Two online retailers, Boohoo and Zacharia Jewellers, have been called out in separate rulings for promoting pompom sweaters and headbands featuring fake fur — when in fact it was real, likely rabbit.
“Consumers should be able to trust the ads they see and hear — and they certainly shouldn’t be misled into buying a faux fur product in good conscience only for it to turn out to be from a real animal,” Miles Lockwood, the UK’s Advertising Standards Authority’s director of complaints, told The Guardian. “That’s not just misleading; it can also be deeply upsetting.”
Real fur products being advertised as fake is a widespread issue in the UK that animal activist group the Humane Society International has been cracking down on. It spotted the mislabeled fluffballs in September and sent samples out for lab testing, which confirmed they were far from fake.
Both Boohoo and Zacharia have since ceased sale of the fur products — a sweater and a headband, respectively.
“We have a strong commitment against the sale of real fur in any of our products. We have robust policies and procedures in place to ensure that we are able to adhere to this,” Boohoo reps said in a statement. “Following the inquiry by HSI the item has been removed from sale.
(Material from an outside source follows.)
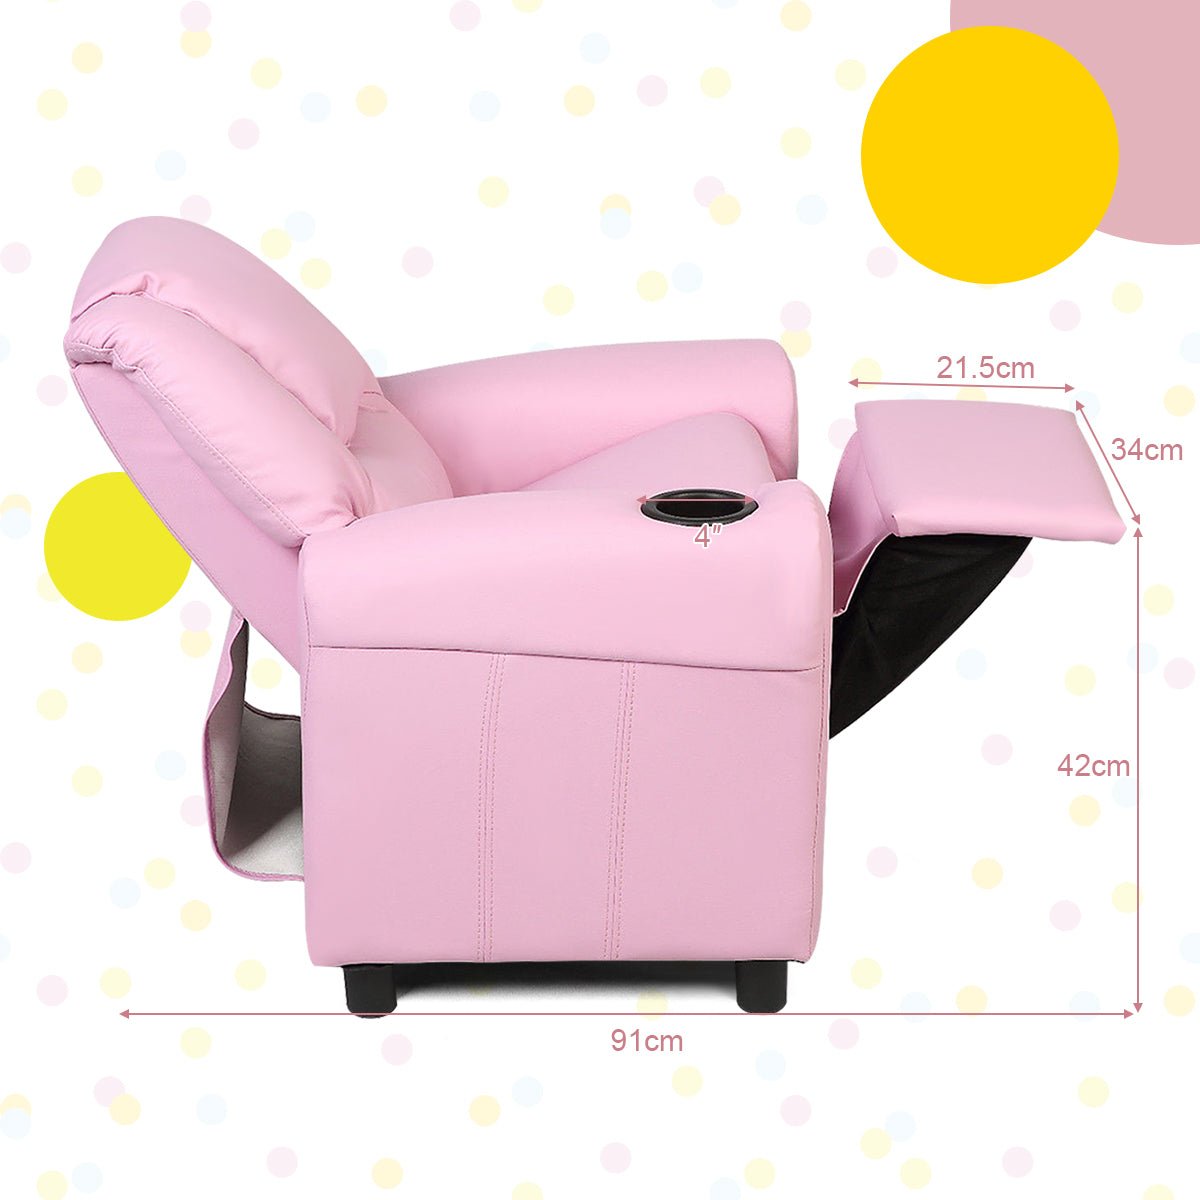 Children's Recliner Chair in Pink with Ergonomic Armrest: Relax in Style

We continue to investigate the matter internally and with the supplier in question, as a matter of priority.”
Zacharia, meanwhile, blamed its Chinese manufacturer for the mix-up and pulled its listing from Amazon.
“It’s completely unacceptable that compassionate consumers setting out to buy fake fur are being misled into buying animal fur,” Claire Bass, executive director of Humane Society International, tells the BBC. “These two examples are the latest in a long list of ‘fake faux fur’ items we’ve found for sale, so we hope that the ASA’s rulings will send a strong message to the industry and make retailers work harder to give consumers confidence in avoiding cruel animal fur.”